Comme on peut le constater à la lumière de l’histoire, l’accueil de l’Évangile ne s’est jamais fait sans résistance. Car aucune culture n’est neutre. Chacune véhicule, pour une part du moins, une vision de la vie qui s’oppose à ce que Jésus a été et à ce qu’il a proposé. C’était vrai en Israël au premier siècle, c’était vrai en Nouvelle-France au XVIIe siècle, et cela est vrai aujourd’hui dans notre propre société. Ce constat nous fait plonger dans le mystère du salut. Et ce salut, c’est Dieu qui le réalise, à sa manière. Sachons faire confiance à l’Esprit du Seigneur qui, lui, sait mener à la Vie en plénitude, mais avec patience.

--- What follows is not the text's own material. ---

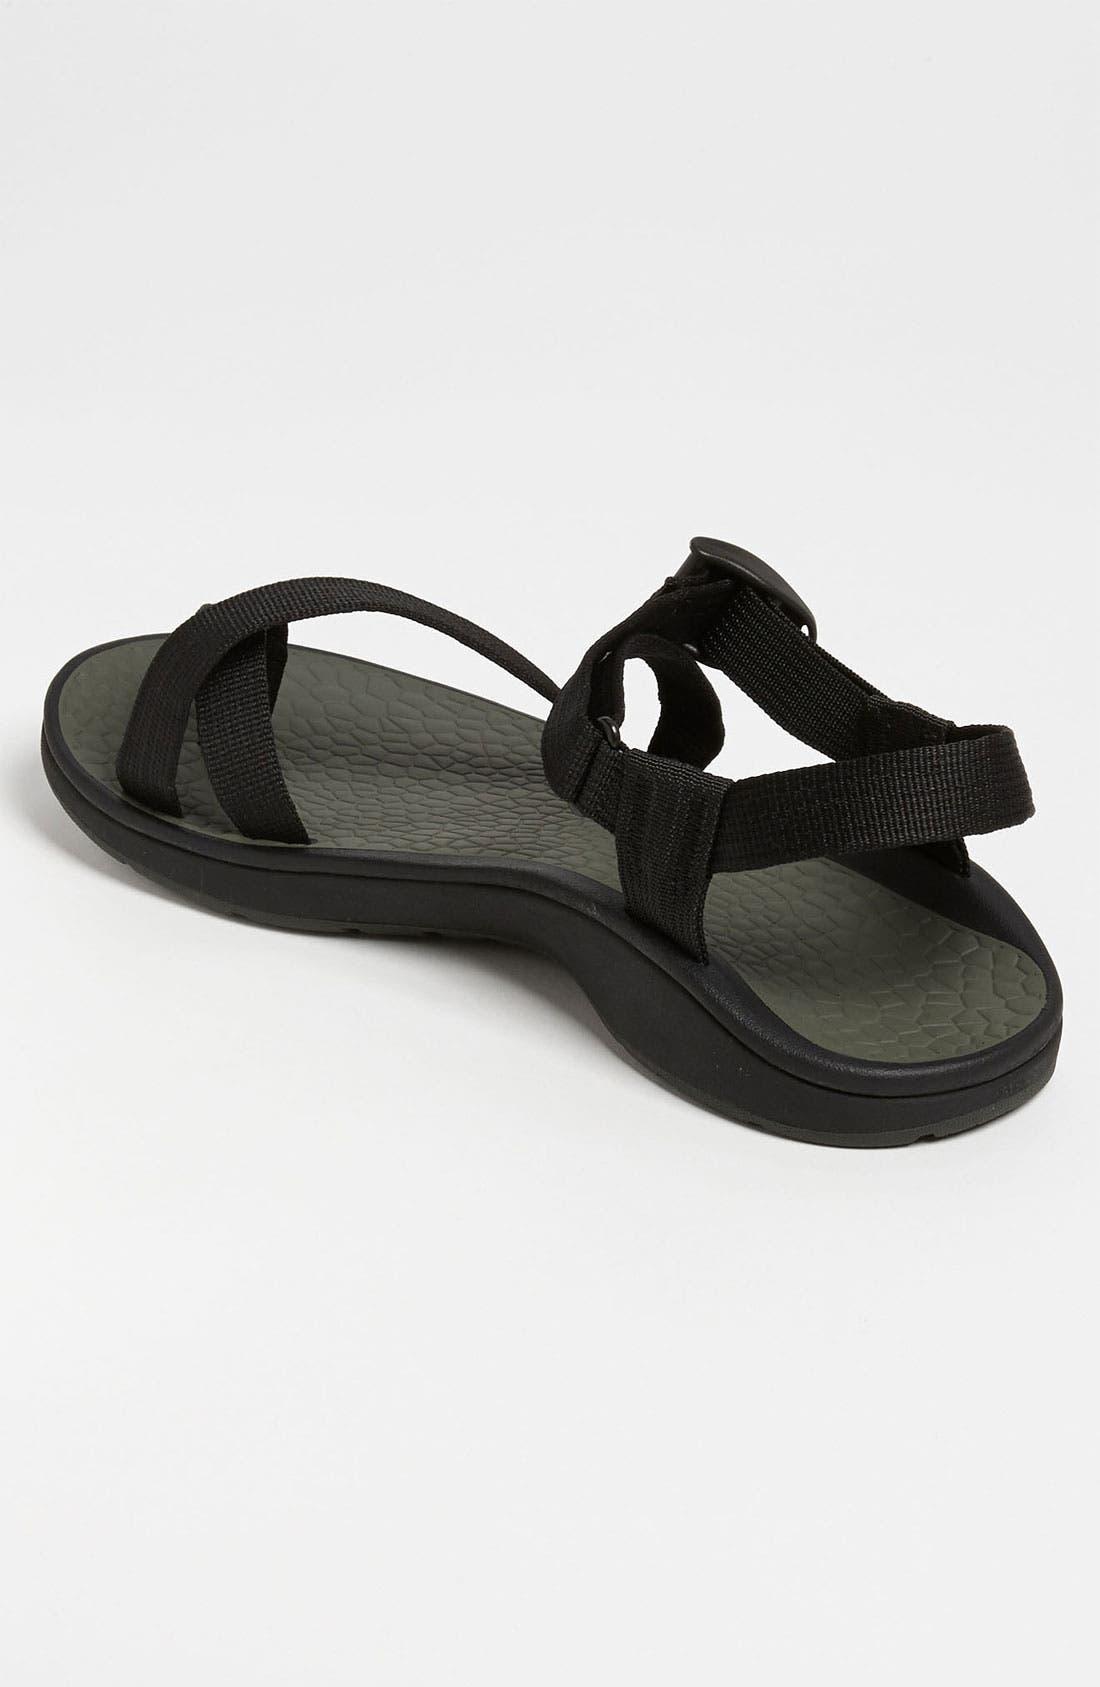 Alternate Image 2  - Chaco 'Rex' Sandal (Men)
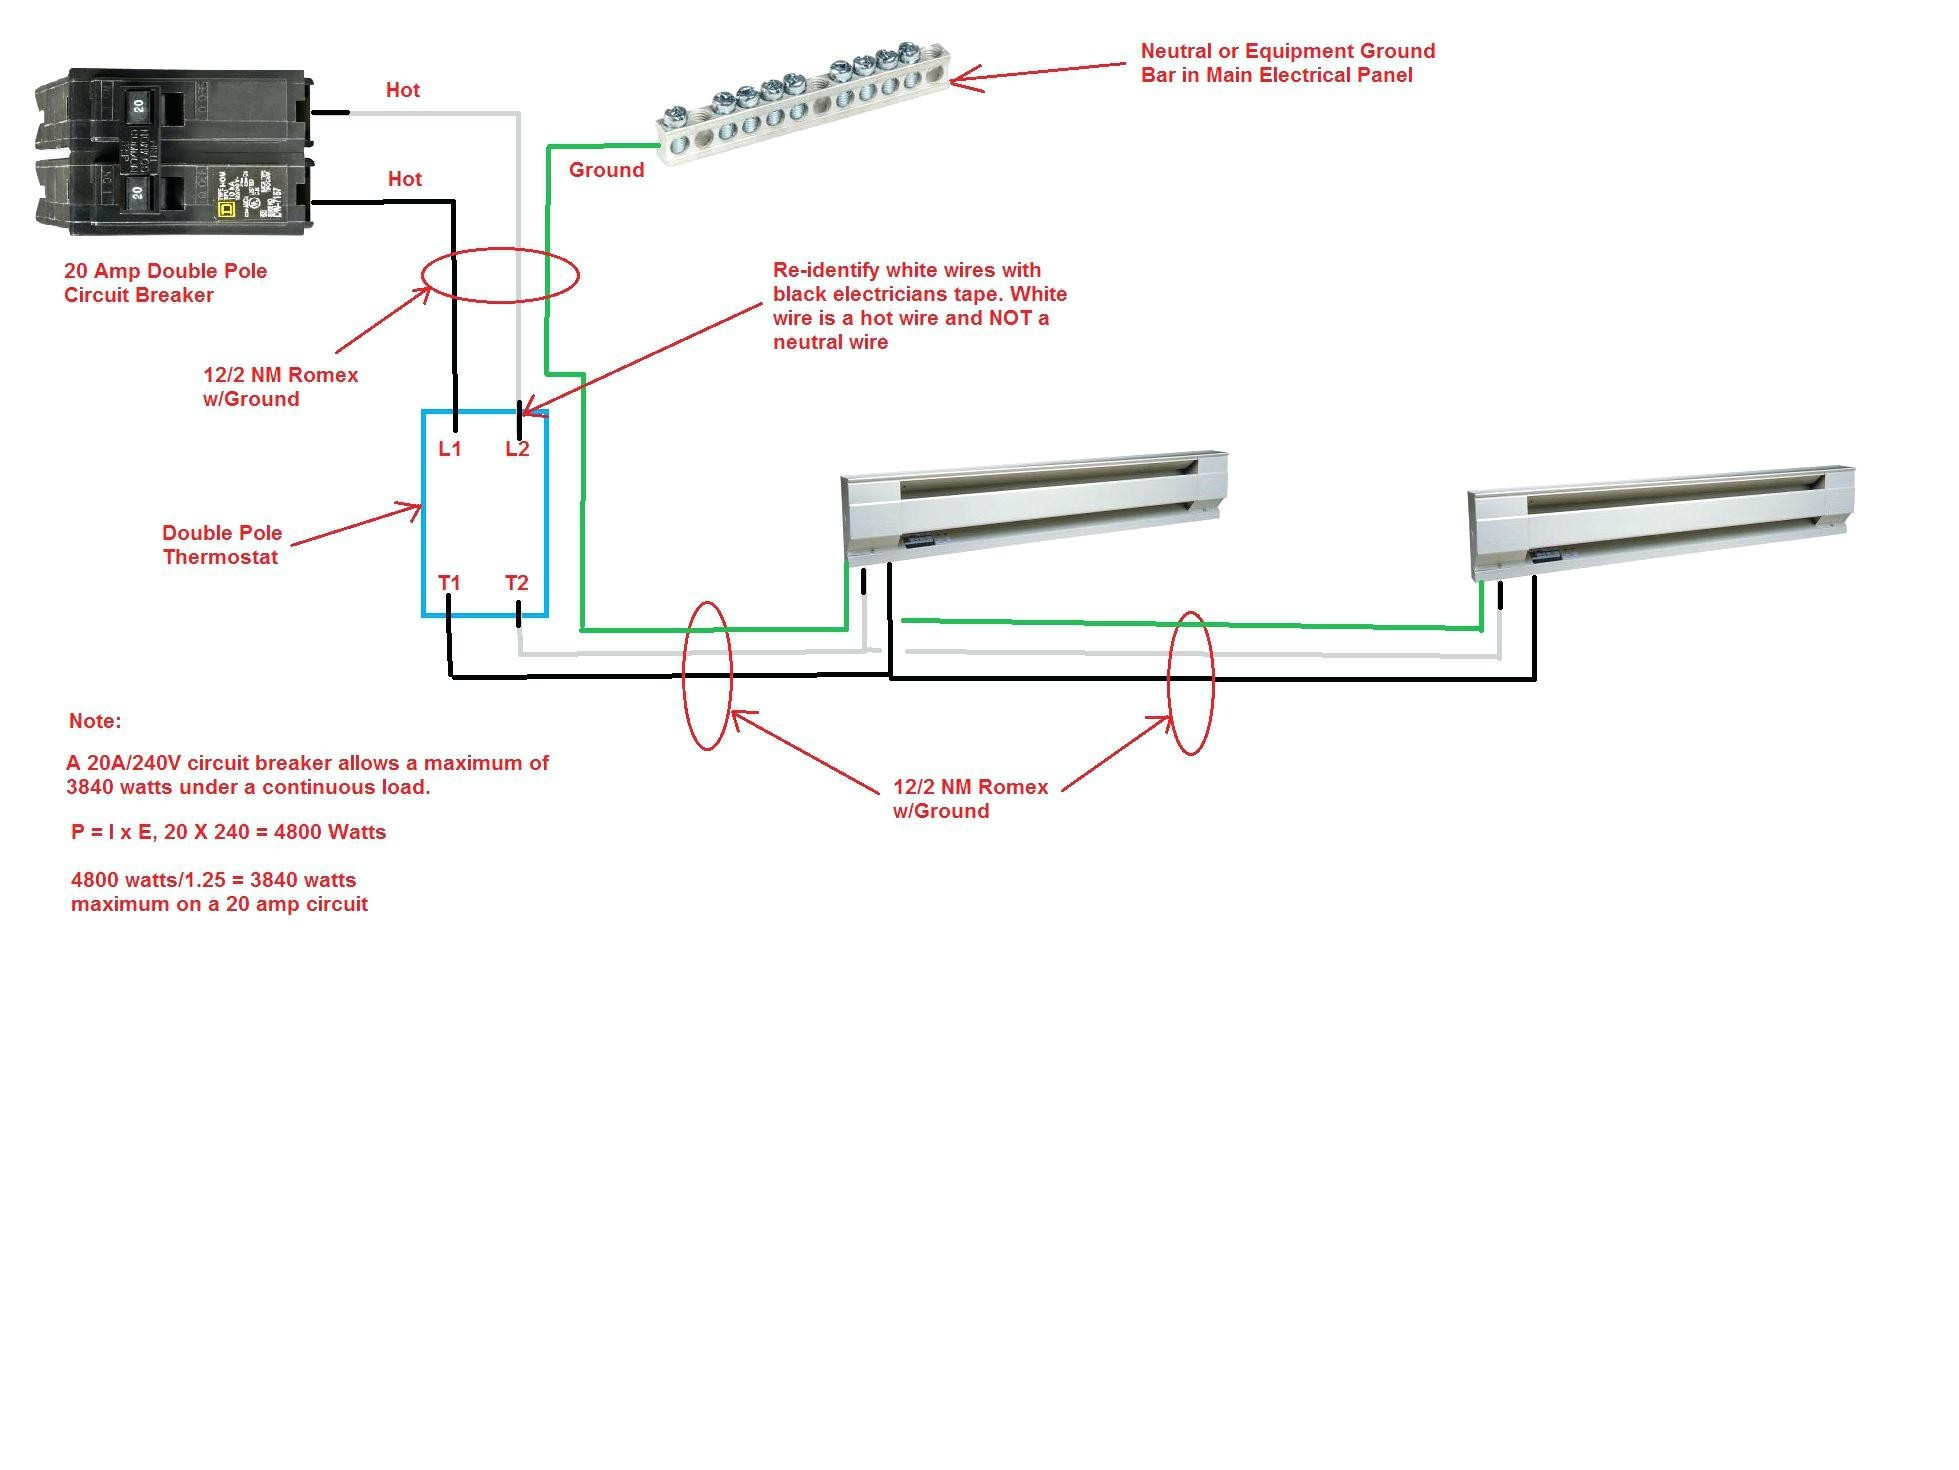 marley baseboard heater wiring diagram Download-Fahrenheat Baseboard Heater Wiring Diagram Valid Baseboard Heaters Wiring For Baseboard Fahrenheat Baseboard Heater Wiring Diagram 6-r

Fr. Jean-Louis Larochelle, O.P.

 

PRIÈRE

Pour ceux qui t’aiment, Seigneur Dieu,
tu as préparé des biens que l’œil ne peut voir :
répands en nos cœurs la ferveur de ta charité,
afin que t’aimant en toute chose et par-dessus tout,
nous obtenions de toi l’héritage promis qui surpasse tout désir.
Par Jésus Christ, ton Fils, notre Seigneur,
qui vit et règne avec toi, dans l’unité du Saint-Esprit,
Dieu, pour les siècles des siècles.

∞ Amen.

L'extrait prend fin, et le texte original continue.